How AI insurance actually works: testing systems to breaking point
AIUC’s insurance policies cover various types of AI failures, from data breaches and discriminatory hiring practices to intellectual property infringement and incorrect automated decisions. The company prices coverage based on extensive testing that attempts to break AI systems thousands of times across different failure modes.
“For some of the other things, we think it’s interesting to you. Or not wait for a lawsuit. So for example, if you issue an incorrect refund, great, well, the price of that is obvious, is the amount of money that you incorrectly refunded,” Kvist explained.
The startup works with a consortium of partners including PwC (one of the “Big Four” accounting firms), Orrick (a leading AI law firm), and academics from Stanford and MIT to develop and validate its standards.
Former Anthropic executive leaves to solve AI trust problem
The founding team brings deep experience from both AI development and institutional risk management. Kvist was the first product and go-to-market hire at Anthropic in early 2022, before ChatGPT’s launch, and sits on the board of the Center for AI Safety. Co-founder Brandon Wang is a Thiel Fellow who previously built consumer underwriting businesses, while Rajiv Dattani is a former McKinsey partner who led global insurance work and served as COO of METR, a nonprofit that evaluates leading AI models.
“The question that really interested me is: how, as a society, are we going to deal with this technology that’s washing over us?” Kvist said of his decision to leave Anthropic. “I think building AI, which is what Anthropic is doing, is very exciting and will do a lot of good for the world. But the most central question that gets me up in the morning is: how, as a society, are we going to deal with this?”
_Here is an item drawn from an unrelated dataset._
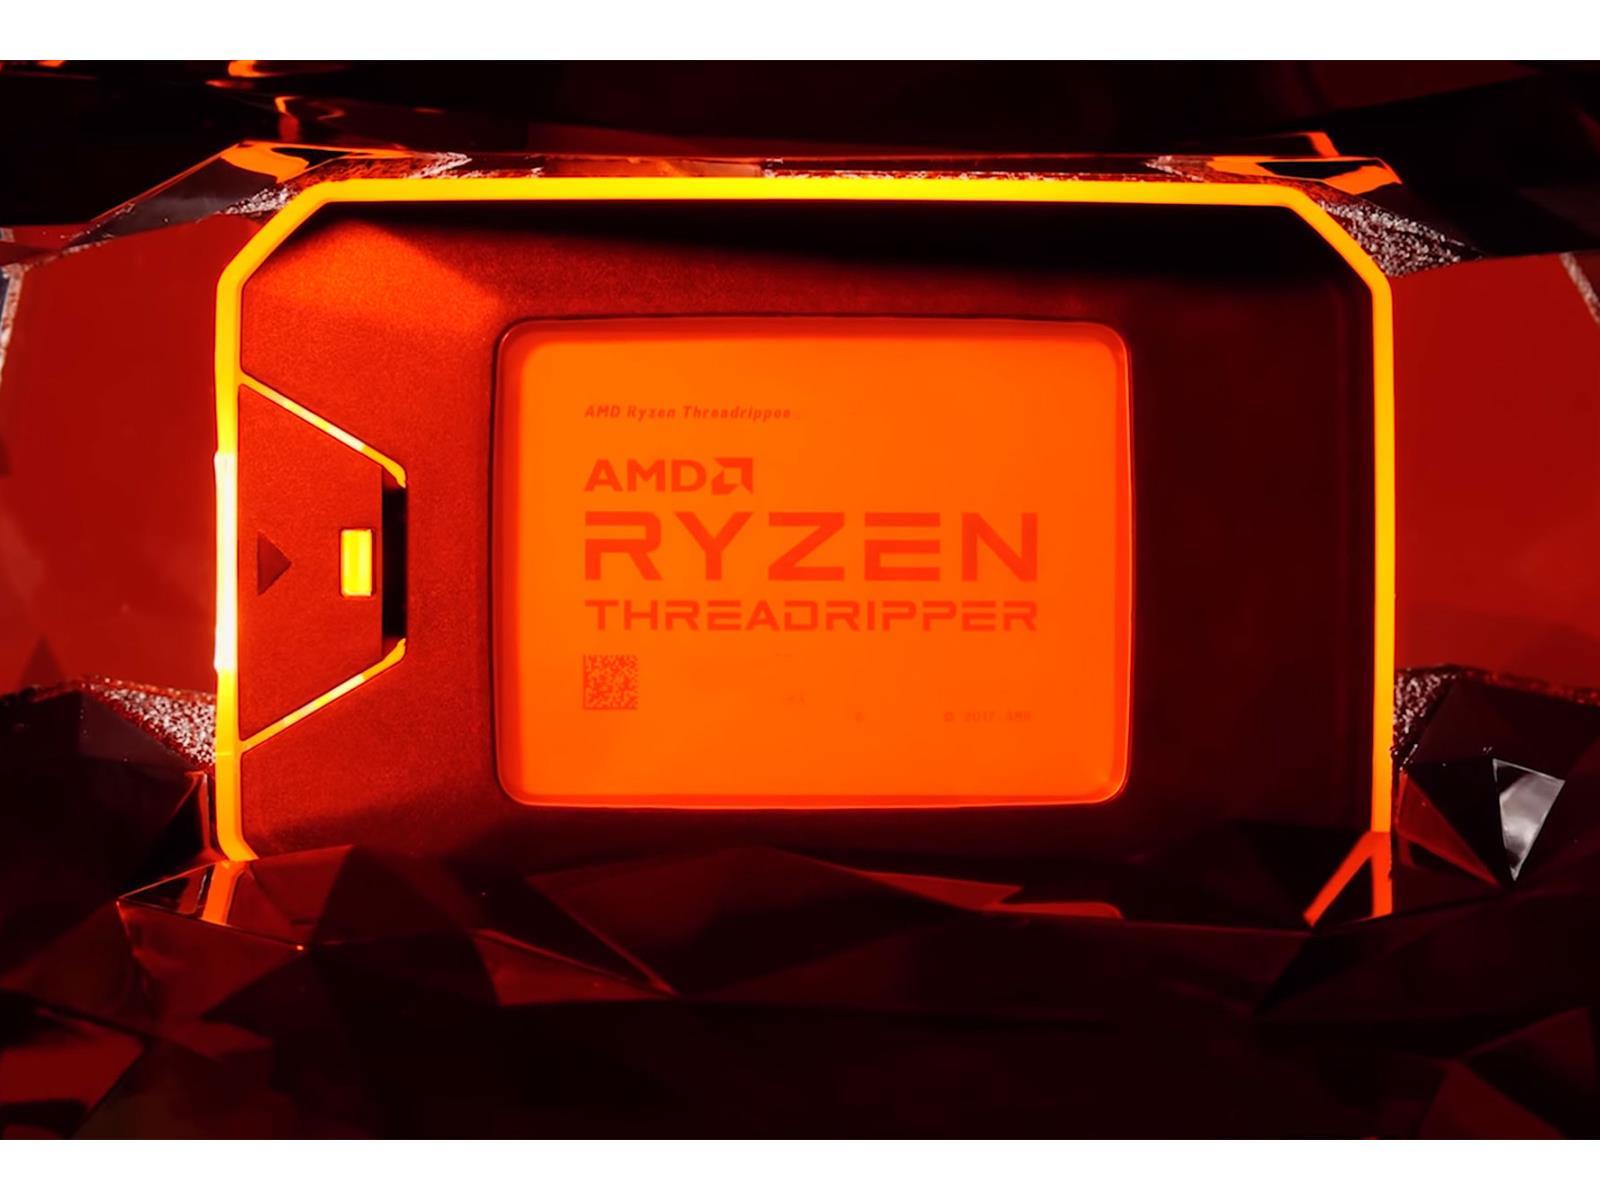 Potential AMD Ryzen Threadripper 3000 16-Core CPU Spotted In

The race to make AI safe before regulation catches up
AIUC’s launch signals a broader shift in how the AI industry approaches risk management as the technology moves from experimental deployments to mission-critical business applications. The insurance model offers enterprises a path between the extremes of reckless AI adoption and paralyzed inaction while waiting for comprehensive government oversight.
The startup’s approach could prove crucial as AI agents become more capable and widespread across industries. By creating financial incentives for responsible development while enabling faster deployment, companies like AIUC are building the infrastructure that could determine whether artificial intelligence transforms the economy safely or chaotically.
“We’re hoping that this insurance model, this market-based model, both incentivizes fast adoption and investment in security,” Kvist said. “We’ve seen this throughout history—that the market can move faster than legislation on these issues.”
The stakes couldn’t be higher. As AI systems edge closer to human-level reasoning across more domains, the window for building robust safety infrastructure may be rapidly closing. AIUC’s bet is that by the time regulators catch up to AI’s breakneck pace, the market will have already built the guardrails.
After all, Philadelphia’s fires didn’t wait for government building codes — and today’s AI arms race won’t wait for Washington either.